- **What you will do**
Pictures excluded, output exactly the lines from the one containing "Fuori di Quinta-Taxi a 2 piazze" through the last line of the listing below.

- **Dataset content**
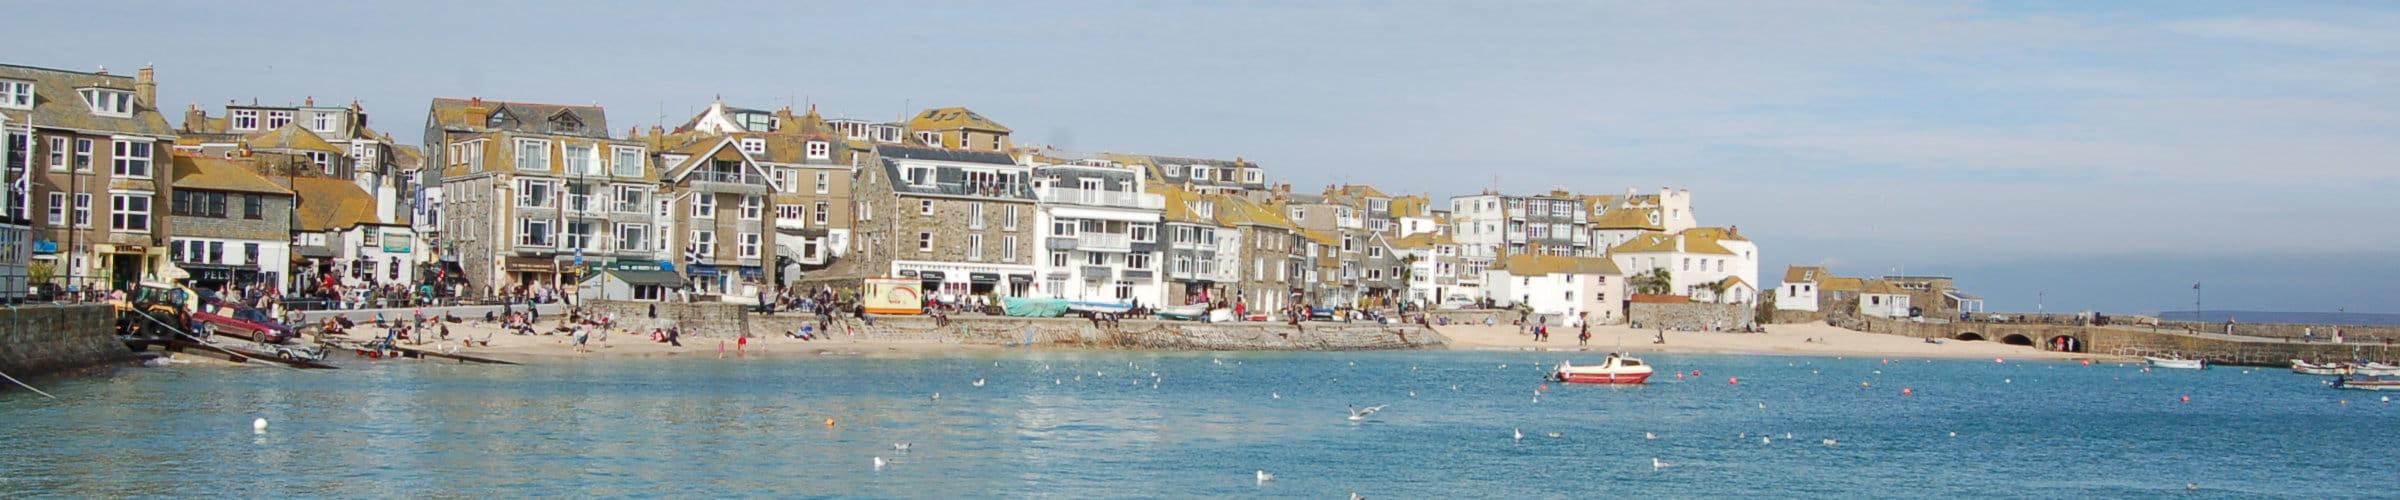 St Ives Harbour-min
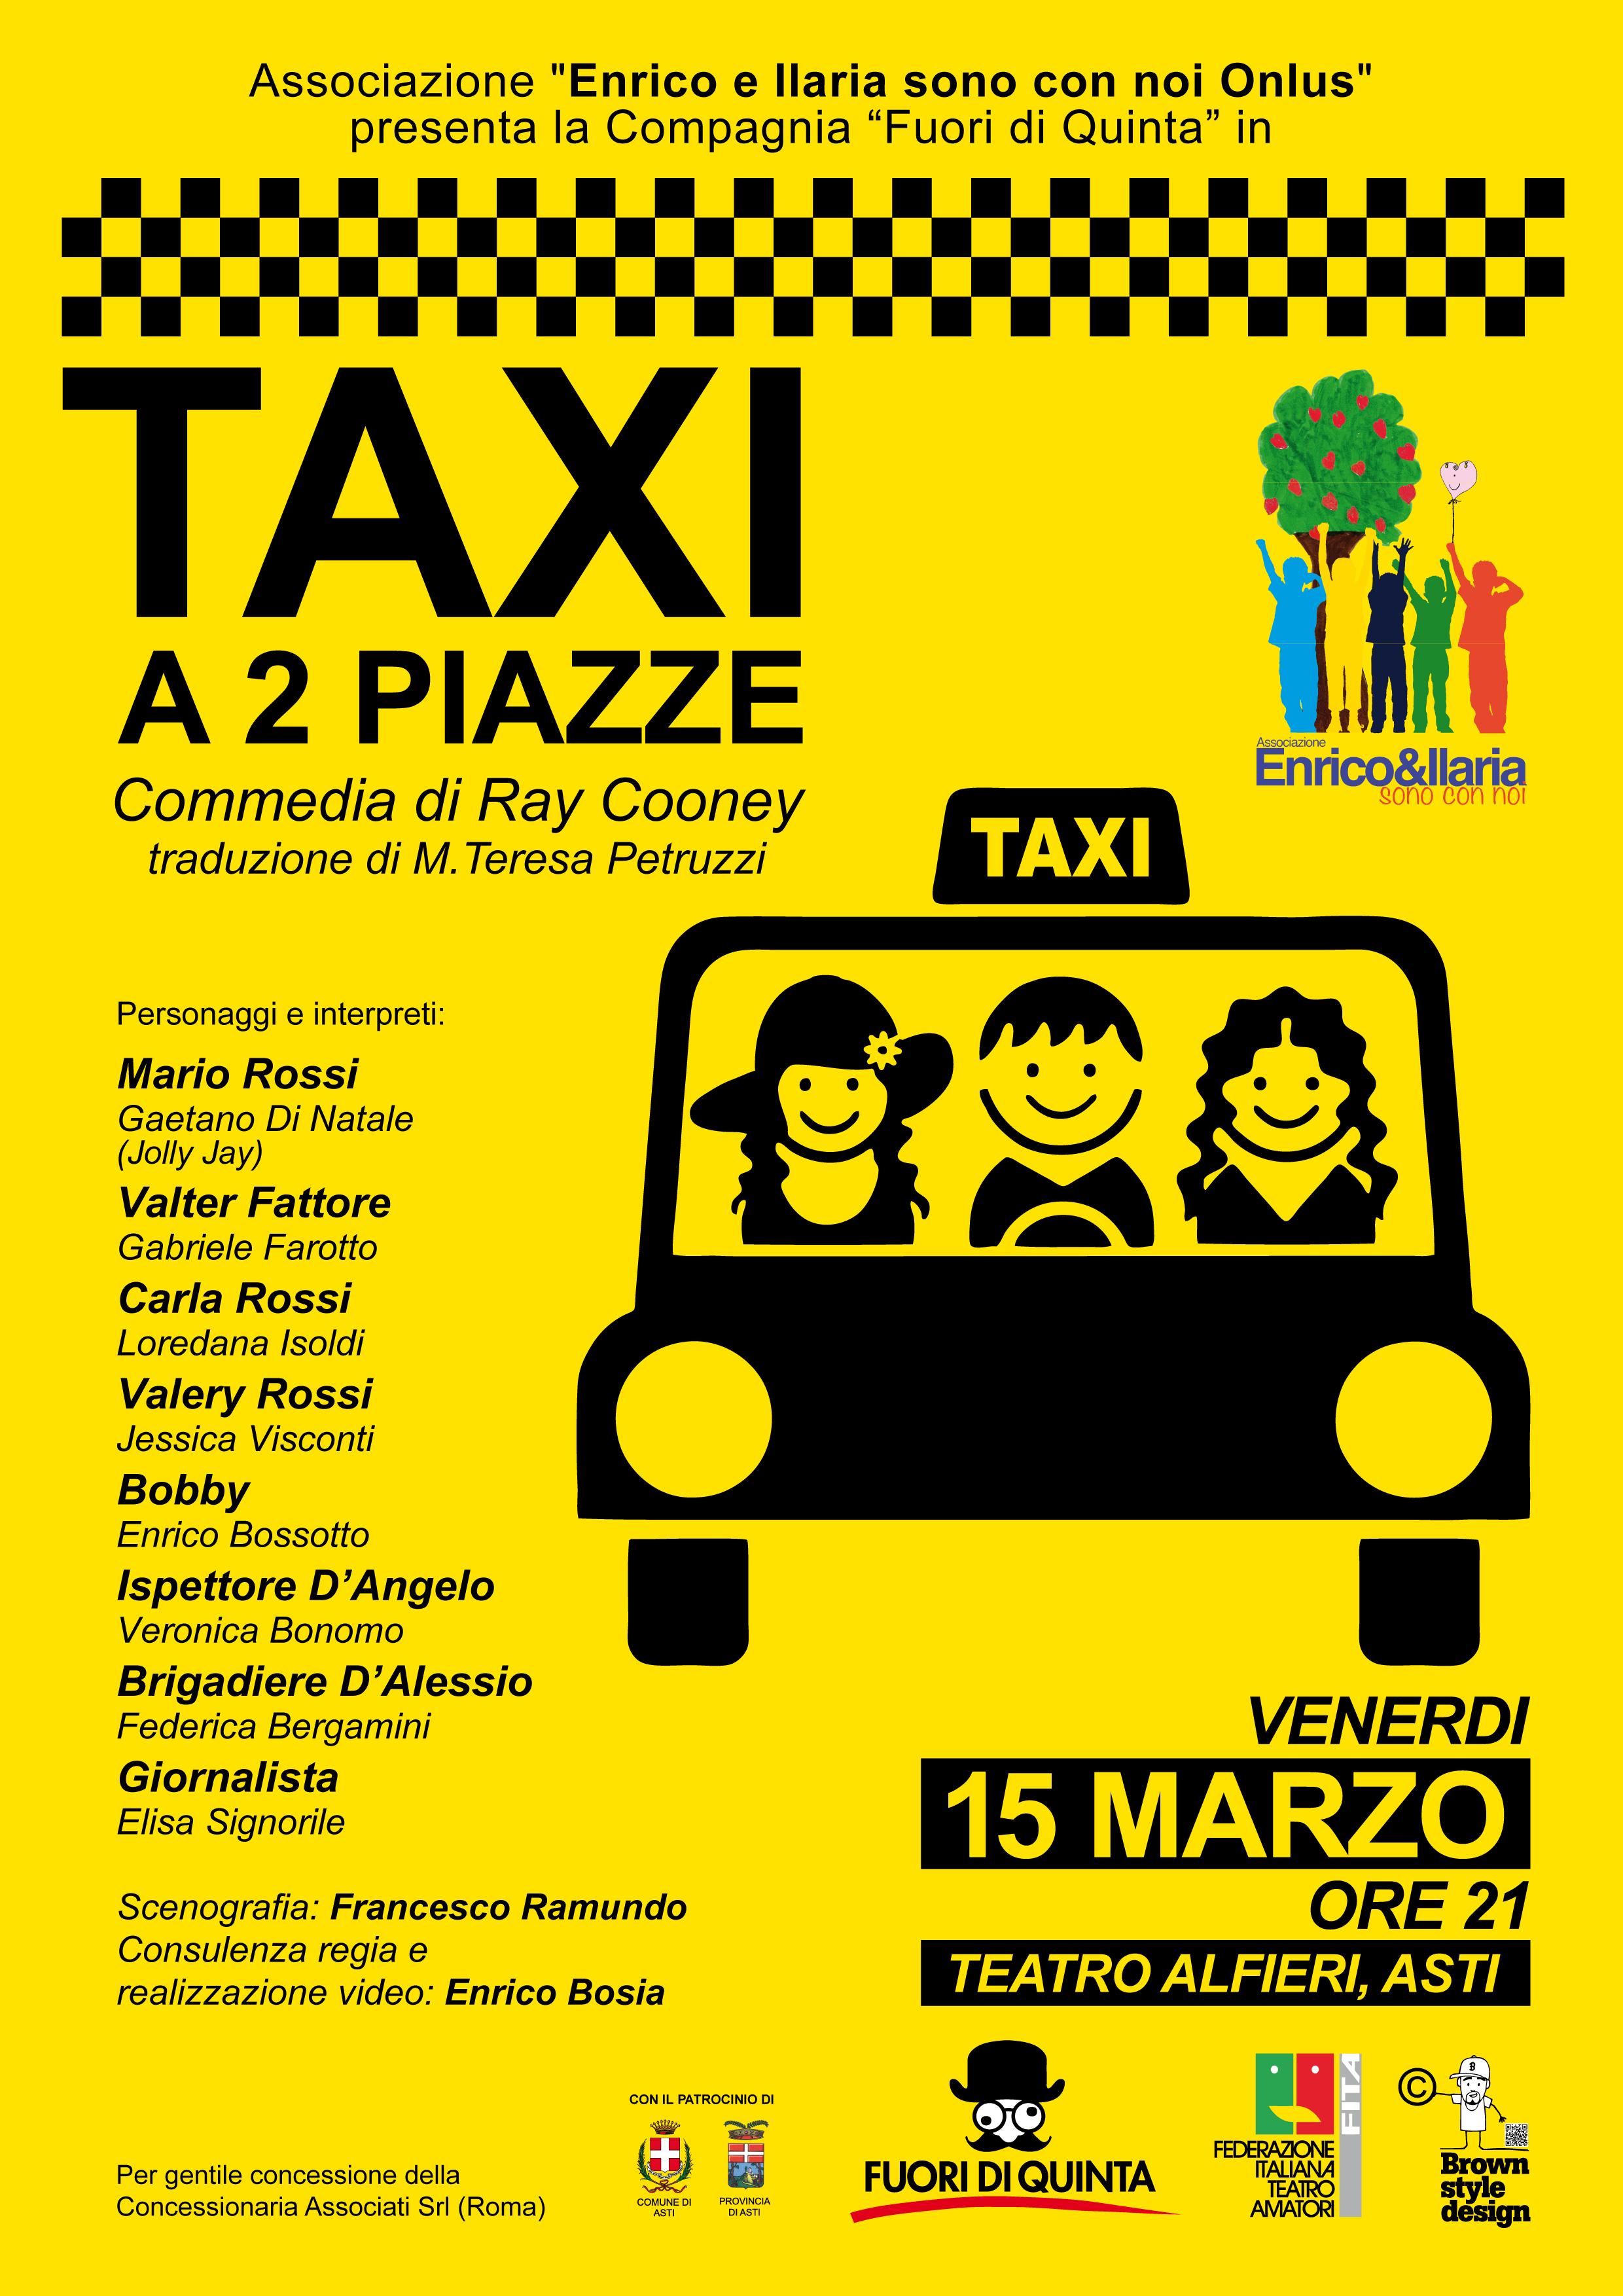 Fuori di Quinta-Taxi a 2 piazze
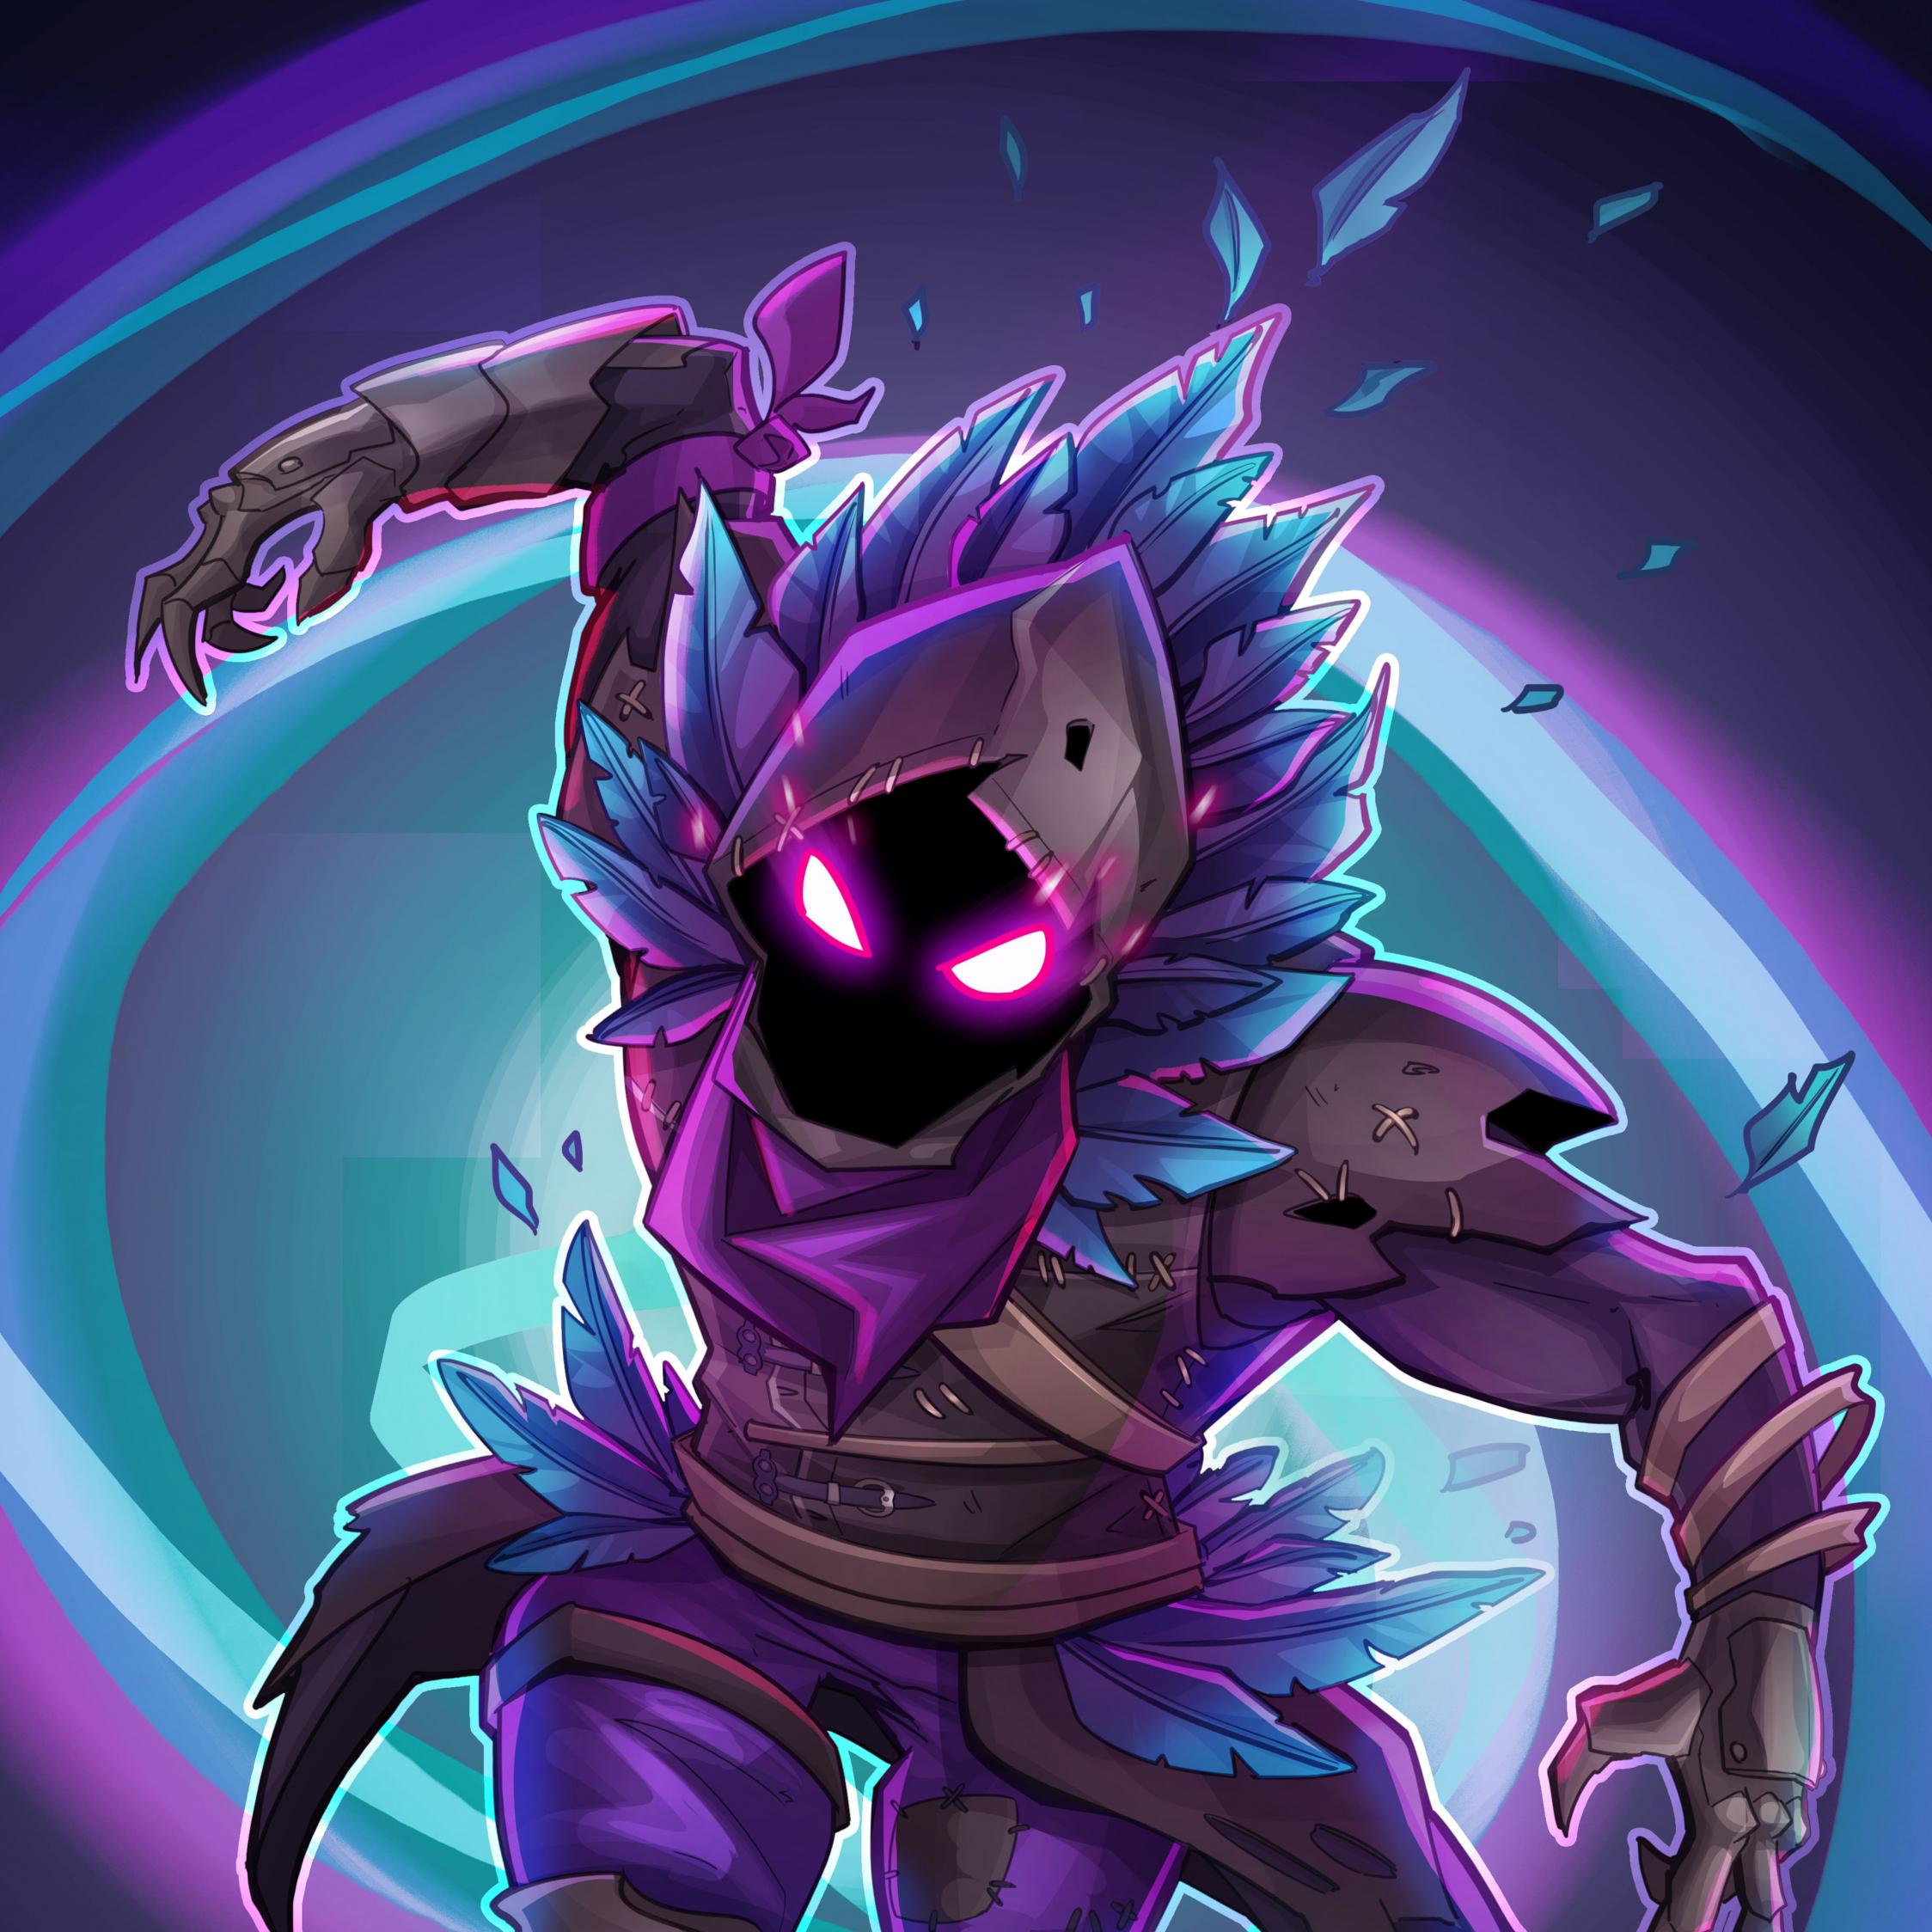 Download 2248x2248 Wallpaper Raven, Fortnite Battle Royale

- **Task answer**
 Fuori di Quinta-Taxi a 2 piazze
 Download 2248x2248 Wallpaper Raven, Fortnite Battle Royale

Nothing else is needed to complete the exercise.